Why Does Angular Momentum Differ from Other Angular Relationships in Physics?

[UR_Correct]

Hello all!

I'm currently studying for a physics exam in regards to Newtonian mechanics. This chapter is about angular momentum, moments of inertia, etc.

As I was studying, something dawned on me, and I wondered if someone here might be able to help me.

The following relations are apparent to me:

velocity = radius * angular velocity
acceleration = radius * angular acceleration

But,

angular momentum = radius * momentum

Why is this? I, for some reason, assumed it would keep with the pattern for position, velocity, and acceleration and their respective angular relations.

I'm thinking it has to do with the fact that, when dealing with vectors, you have to take radius cross momentum. I know that the angular momentum vector points perpendicular from the direction of momentum (right hand rule), but I can't come up with a definitive answer.

Can anybody shed any light?

 

[eljose79]

Hello there!

You are correct in your assumption that the relation for angular momentum is different from the other angular relations. This is because angular momentum is a vector quantity, while velocity, acceleration, and position are all scalar quantities.

In order to fully understand the relationship between angular momentum and its counterparts, we need to first define what angular momentum is. Angular momentum is the measure of an object's rotational motion, and it is calculated by multiplying the object's moment of inertia (a measure of its resistance to rotational motion) by its angular velocity. This gives us a vector quantity that points in the direction of the axis of rotation.

On the other hand, momentum is a measure of an object's linear motion, and it is calculated by multiplying its mass by its velocity.
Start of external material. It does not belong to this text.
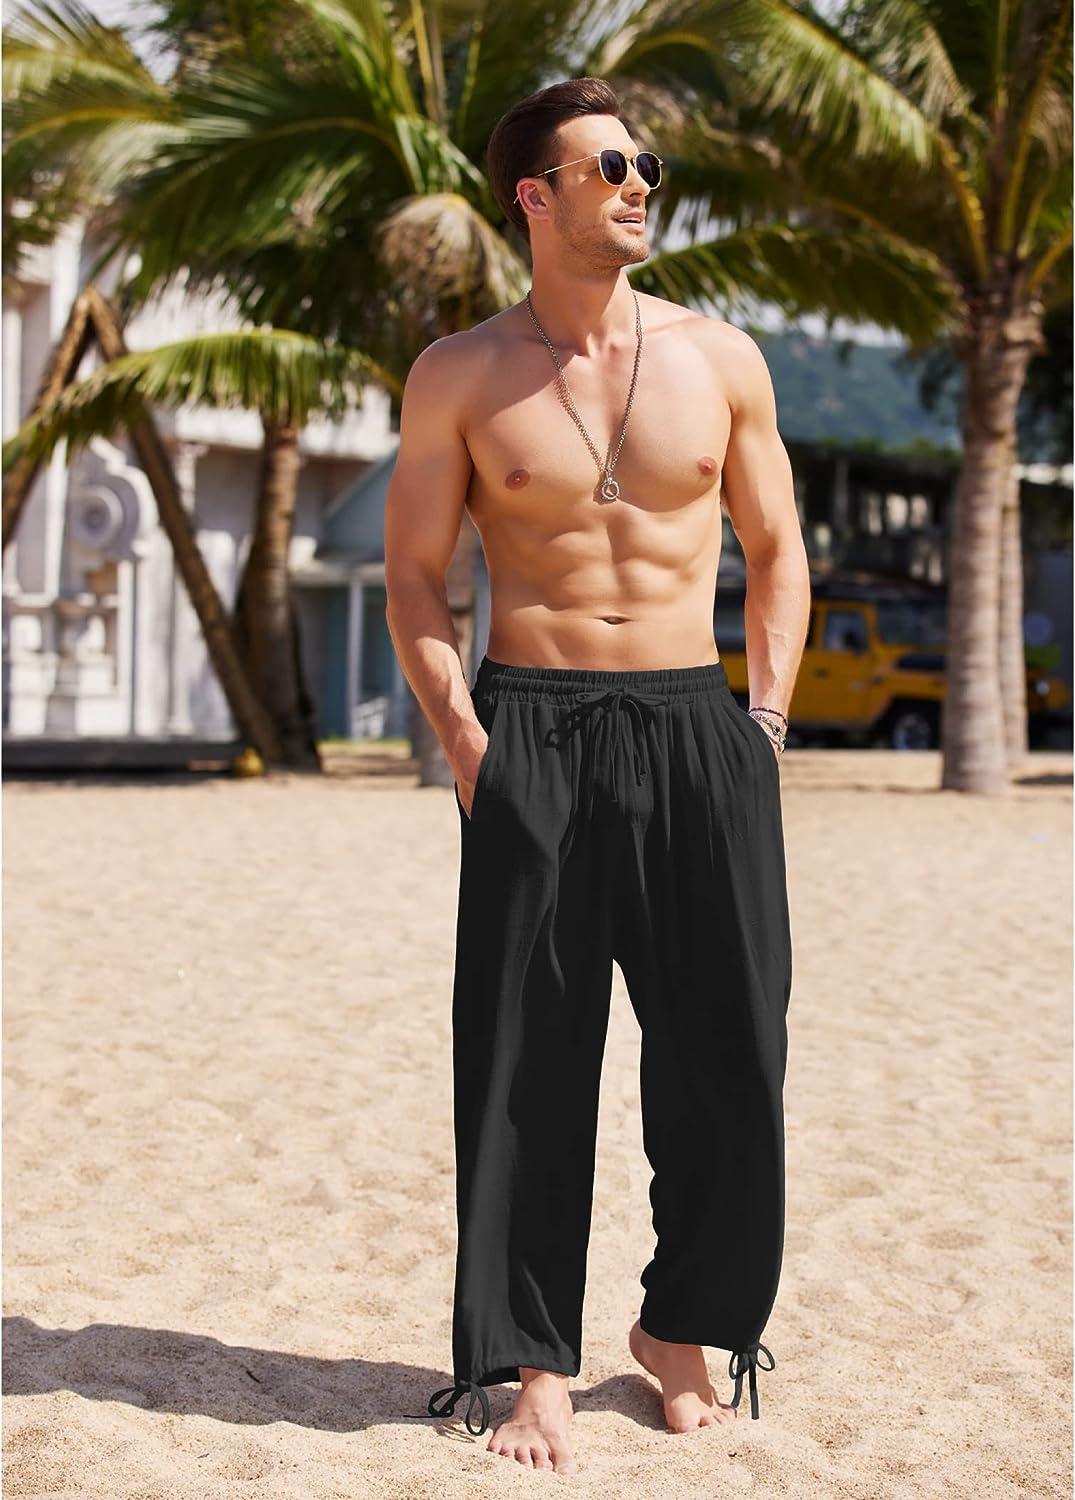 COOFANDY Men's Elastic Waist Linen Pants Beach Lightweight Pants

This gives us a vector quantity that points in the direction of its motion.

As you mentioned, to find the angular momentum vector, we need to take the cross product of the radius vector (from the axis of rotation to the point of interest) and the momentum vector. This results in a vector that is perpendicular to both the radius and momentum vectors, pointing in the direction of the axis of rotation.

In contrast, to find the velocity and acceleration vectors, we simply need to take the derivative of the position and velocity vectors, respectively. This does not involve any cross products, as they are scalar quantities.

So, in summary, the difference in the relationships between angular momentum and its counterparts is due to the fact that they are different types of quantities (vector vs. scalar) and they are calculated using different methods. I hope this helps to clarify things for you. Good luck on your exam!